Original PaperInfluence of beam incidence and irradiation parameters on stray neutron doses to healthy organs of pediatric patients treated for an intracranial tumor with passive scattering proton therapy
Introduction
Proton therapy is one of the external radiation therapy techniques which enables a highly conformal dose delivery to the target volume while sparing organs at risk (OAR) nearby [1]. However, secondary neutrons generated by proton nuclear interactions with beam line elements (called external neutrons) and within the patient himself (called internal neutrons) raise a true concern, especially for pediatric patients, as they increase the lifetime risk of developing a secondary malignancy [2], [3], [4]. Thus, experimental measurements [5], [6], [7] and Monte Carlo (MC) calculations [8], [9], [10] have been extensively used to assess the exposure of healthy organs to stray neutrons. These studies showed that neutron dose equivalents largely tend to vary between proton therapy facilities, from a few mSv Gy−1 to 80 mSv Gy−1. This large variation is mainly due to the dependence of stray neutrons on tumor size and location, the design and composition of beam line elements as well as patient’s size and morphology.

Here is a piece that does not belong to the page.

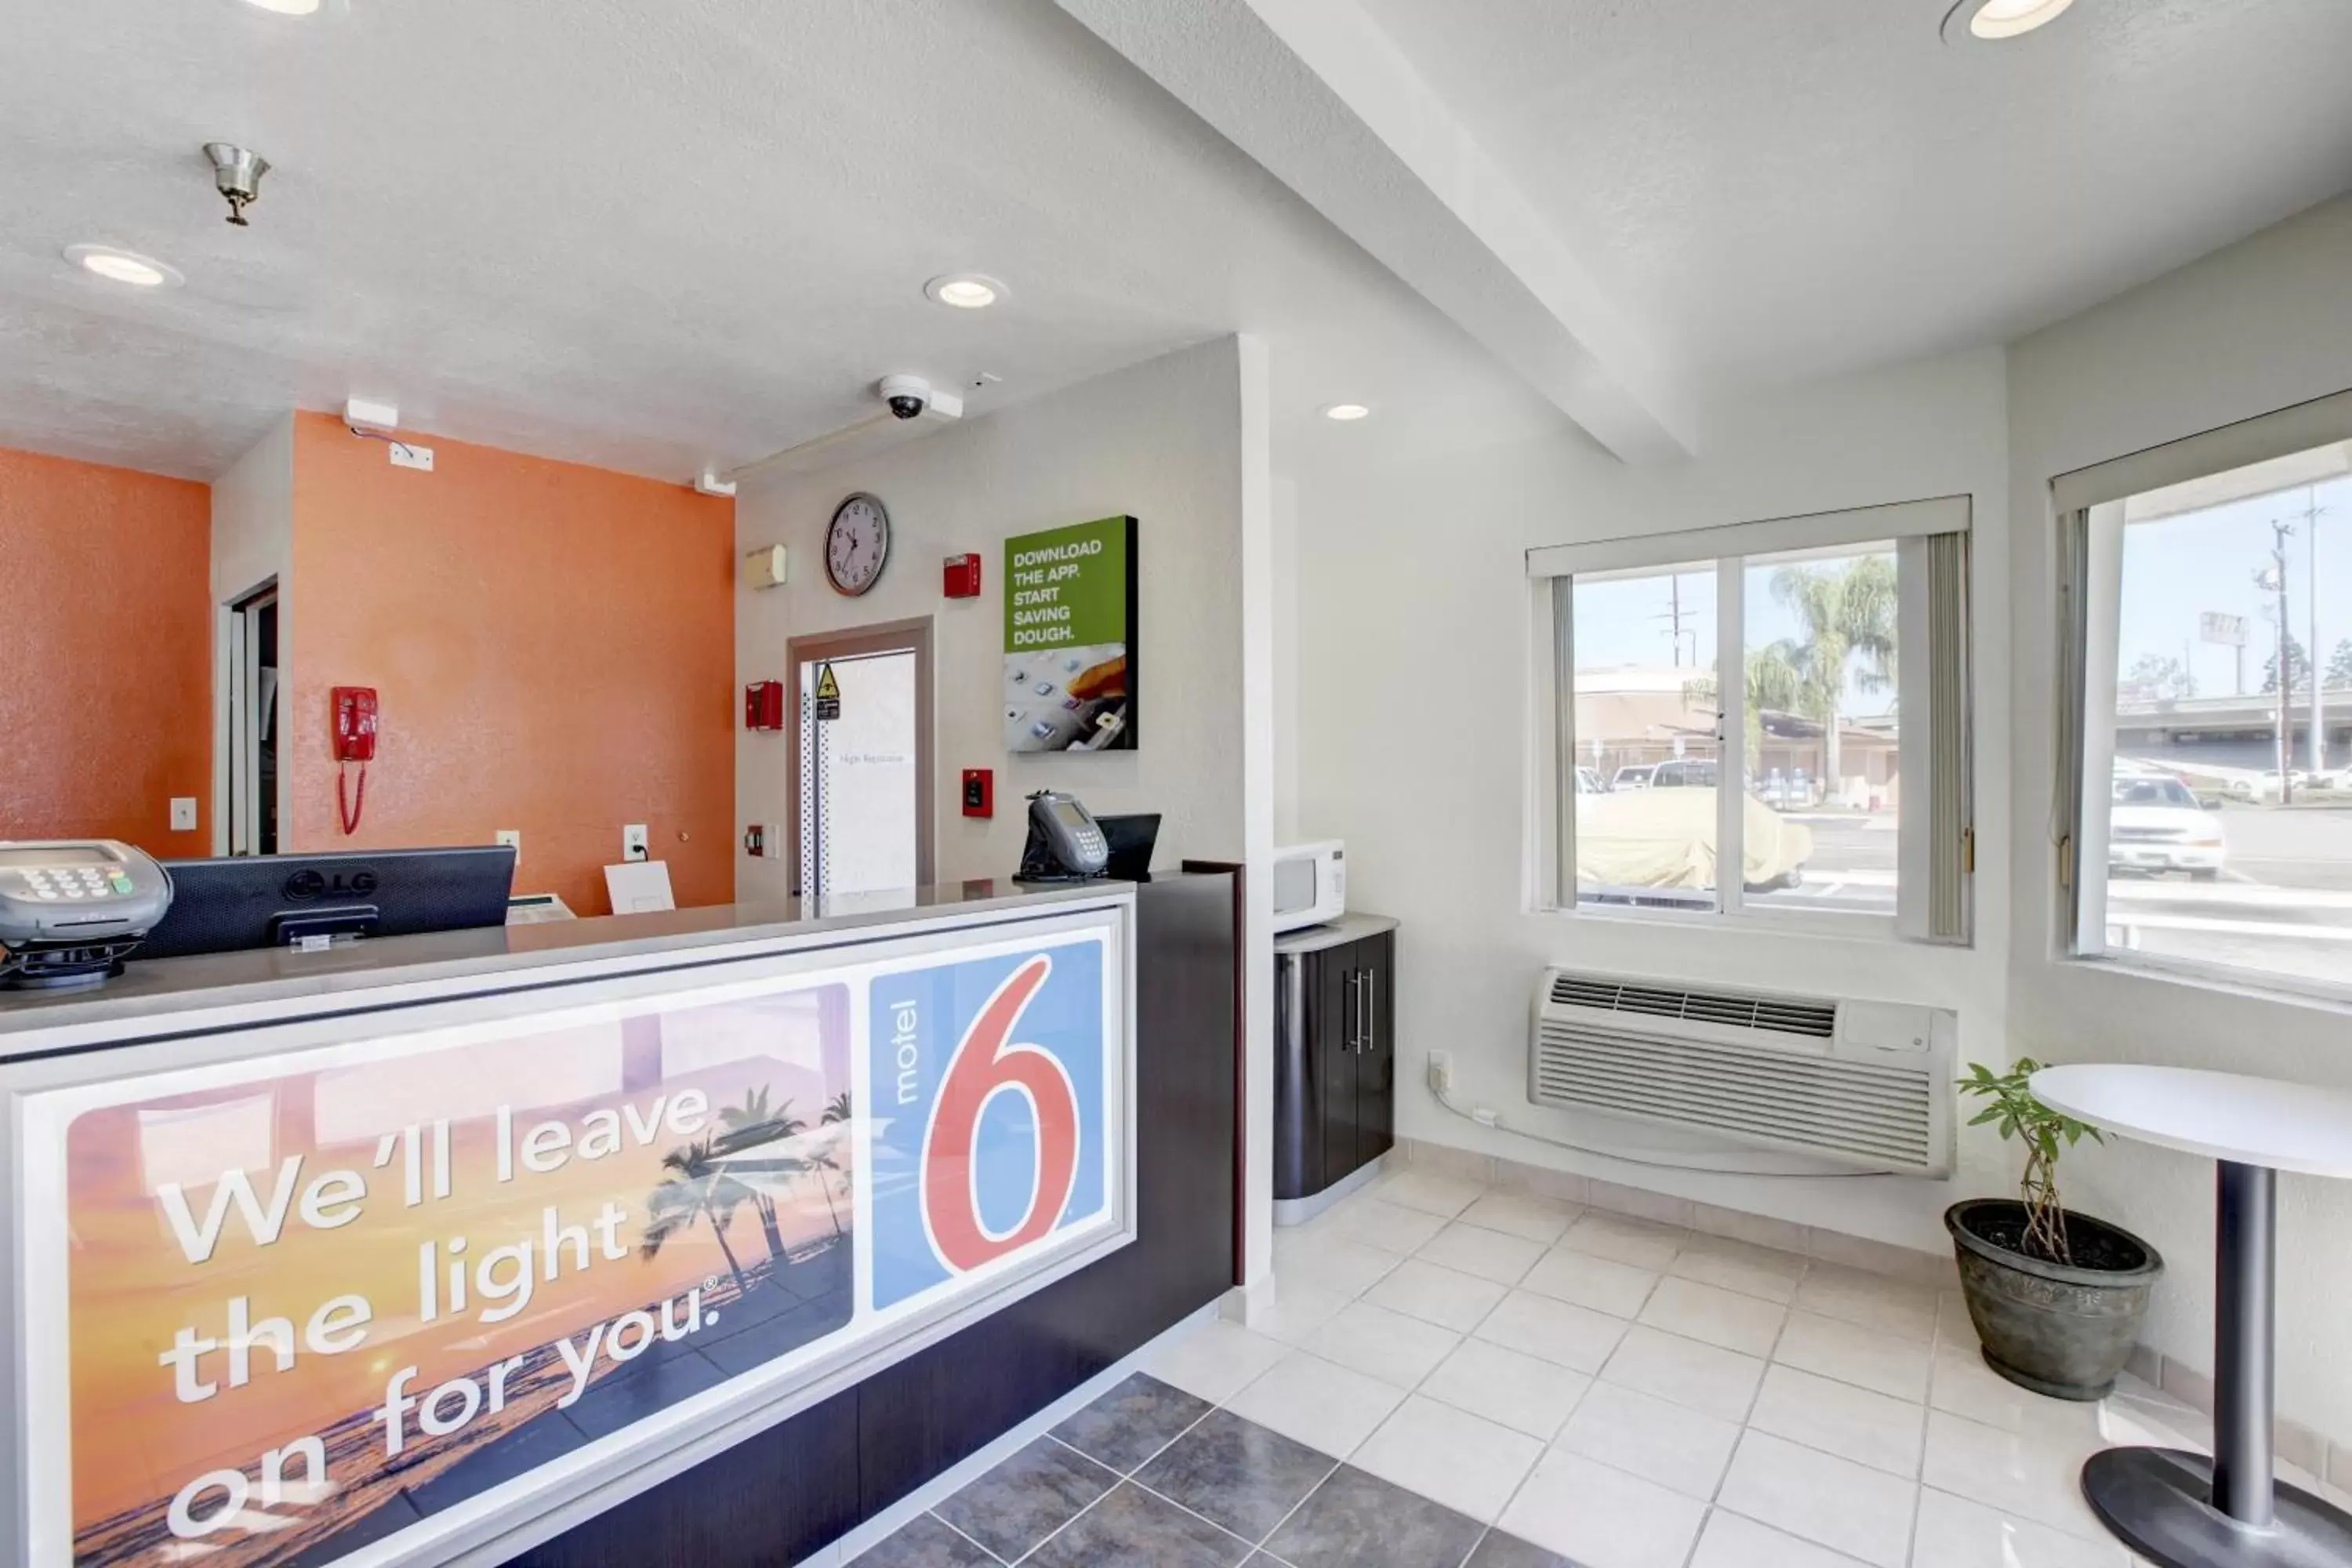 Lobby or reception in Motel 6-Westminster, CA - North

Hence, various studies have investigated the variation of neutron doses with irradiation parameters such as proton beam energy, collimator aperture, modulation width and air gap size [11], [12], [13], [14], [15], [16]. Authors found that neutron doses to healthy organs increased with proton beam energy, collimator aperture and modulation width and decreased with air gap size. Only [15] considered an intracranial tumor treatment but the proton beam energy, collimator aperture and modulation width were simultaneously changed in the calculations. Therefore, it is necessary to individually estimate the influence of each irradiation parameter on neutron doses while performing intracranial treatments. In addition, the influence of beam incidence, i.e. patient’s orientation with respect to the beam axis, is an equally important parameter but less documented in the literature [8], [17]. Indeed, varying beam incidence is expected to have a strong impact on neutron doses considering changes in the distance between healthy organs and the final collimator which is the main source of external neutrons. [8] used two cranial fields, left and right posterior oblique, which were part of a craniospinal irradiation. These two fields, being symmetrical with respect to the patient, provided little information on the effect of patient’s orientation on out-of-field neutron doses. Meanwhile, [17] considered five different beam incidences typically used for intracranial tumor treatments and showed that lateral fields (the patient is oriented 90° with respect to the proton beam direction) induce up to 3.2 times higher stray neutron doses compared against a superior (SUP) field (the patient is oriented along the proton beam direction). The result is somewhat counter-intuitive and requires further investigations since the SUP field is expected to be the most unfavorable incidence for the patient who is oriented along the beam axis and thus receives the most energetic neutrons (namely intra-nuclear cascade neutrons) emitted in the forward direction. In addition, the variation of neutron doses with irradiation parameters could be different for SUP and RLAT fields. Indeed, changing the beam incidence is expected to modify the fluence and energy distribution of neutrons reaching the patient.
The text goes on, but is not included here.